Clarification from Marcelo:

On suspend we:

1) stop all incoming/outcomming traffic on the network device
2) stop all pending URB's (waiting for the ones in progress to finish)

The failure on resume happens after the USB probe has been done,
whenever we try to communicate to the device on endpoint 2.

Luis confirmed that the firmware will not try to send any packets to the
host before it receives some data on endpoint 2, meaning that we don't
suffer from the problem where the firmware sends data before the USB
links are fully established (network traffic is dropped in this case).

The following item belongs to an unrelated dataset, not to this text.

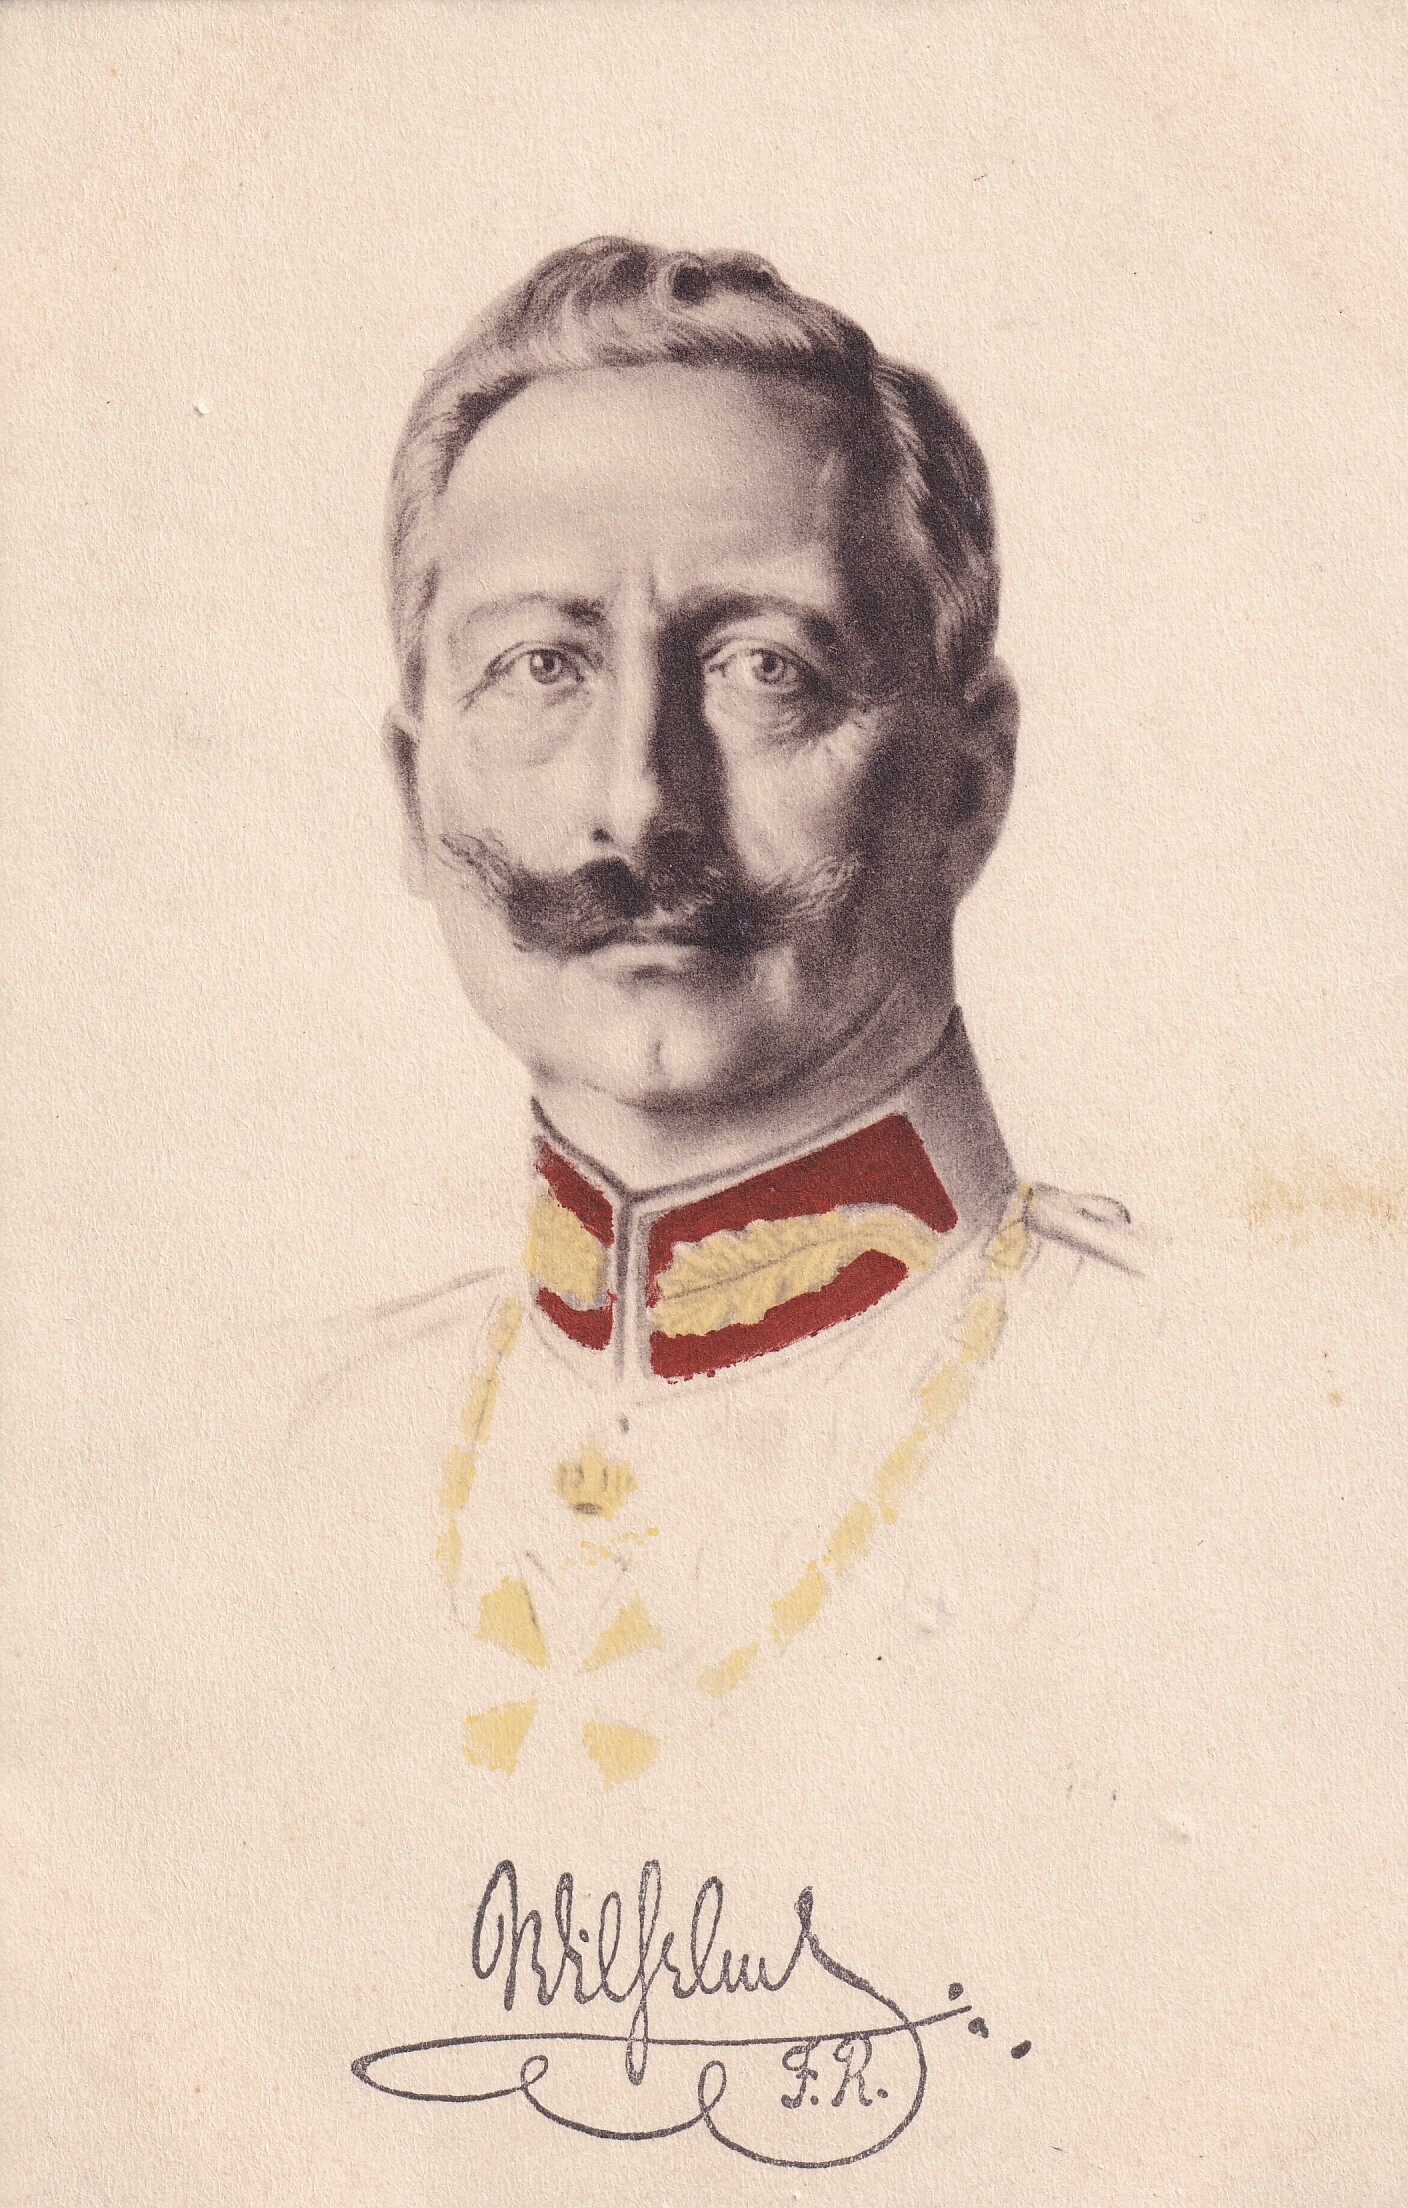 Bildpostkarte mit grafischem Porträt Kaiser Wilhelms II. (1859-1941), um 1905 (Schloß Wernigerode GmbH RR-F)

The host will only try to send packets after resume is done. The problem
happens _before_ that:

static int if_usb_resume(struct usb_interface *intf)
{
        struct usb_card_rec *cardp = usb_get_intfdata(intf);
        wlan_private *priv = cardp->priv;

        lbs_deb_enter(LBS_DEB_USB);

        cardp->rx_urb_recall = 0;

        if_usb_submit_rx_urb(cardp->priv);

        reestablish_connection(priv);    <------- HERE
        reestablish_connection(priv);
        reestablish_connection(priv);

        netif_device_attach(cardp->eth_dev);
        netif_device_attach(priv->mesh_dev);

comment:3 follow-up: Changed 7 years ago by rchokshi

I think it would be great if you can send a bad trace and a good trace collected from the USB protocol-level analyzer (Ellisys?). This will probably go a long way in explaining the root cause of this issue.

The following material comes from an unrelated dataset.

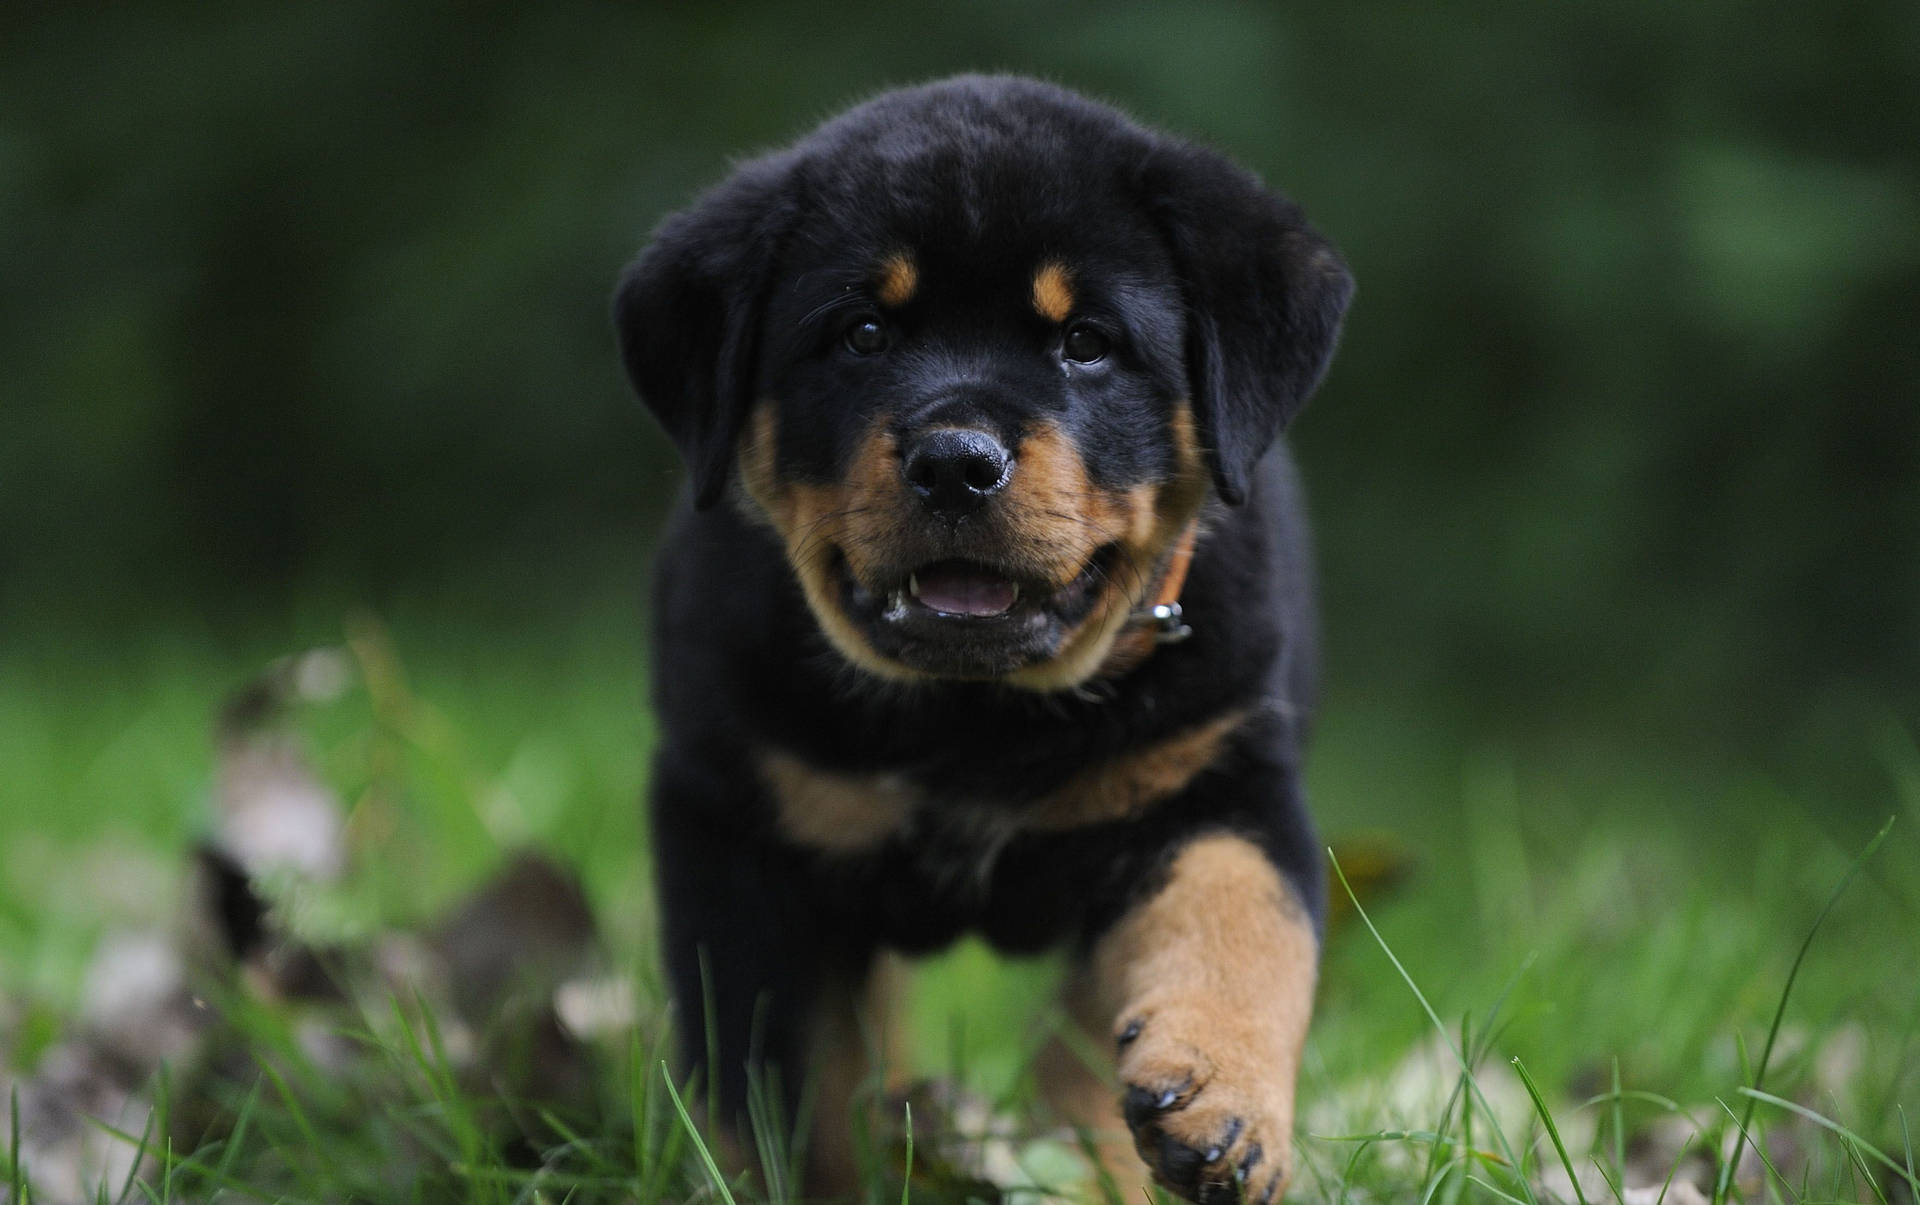 Puppy Rottie Dog On Grass

comment:4 in reply to: ↑ 3 Changed 7 years ago by cjb

Ronak,

Replying to rchokshi:

I think it would be great if you can send a bad trace and a good trace collected from the USB protocol-level analyzer (Ellisys?). This will probably go a long way in explaining the root cause of this issue.

Don't you already have a bad trace and a good trace? The trace you received contained several successful resumes followed by the failing resume.

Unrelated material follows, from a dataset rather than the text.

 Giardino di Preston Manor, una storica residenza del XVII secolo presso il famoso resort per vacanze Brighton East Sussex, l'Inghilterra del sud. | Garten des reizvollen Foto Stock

comment:5 Changed 7 years ago by rchokshi

Is this trace taken with a wireless-initiated resume or a host-initiated resume? The trace with the failure is inconclusive as I mentioned in Trac #1752 because there is only one incomplete IN transaction on the bus.

comment:6 Changed 7 years ago by cjb

Hi Ronak,

Is this trace taken with a wireless-initiated resume or a host-initiated resume?

This one's host-initiated; that seems to be sufficient to reproduce the bug.

The trace with the failure is inconclusive as I mentioned in Trac #1752 because there is only one incomplete IN transaction on the bus.

I understand, but I'm not sure what you're asking us for. If our traces aren't useful, doesn't that mean we need to switch to a better analyzer..?

comment:7 Changed 7 years ago by jg

  • Keywords power added

comment:8 follow-up: Changed 7 years ago by jcardona

Reproduced the problem on a B4 with JTAG. With the debugger we could see that the firmware is in a valid state waiting to receive a command on ep2 to resume USB communication. The command is never received because the host controller reports a transaction error. According to the EHCI Spec the only causes for transaction errors are CRC, PID (Packet ID) or Timeout errors.

comment:9 Changed 7 years ago by jcardona

Next step is to configure the host controller to keep retrying forever (according to marcelot, this can be done by setting CERR to zero) and then inspect the USB bus to identify the cause of these low-level errors.

comment:10 Changed 7 years ago by rchokshi

Pasting Richard Smith's email here:

Of the 2 units I modified and brought only 1 worked when I got here.  I spent a bit of time in the marvel lab reworking the splice but the wireless device still does not show up.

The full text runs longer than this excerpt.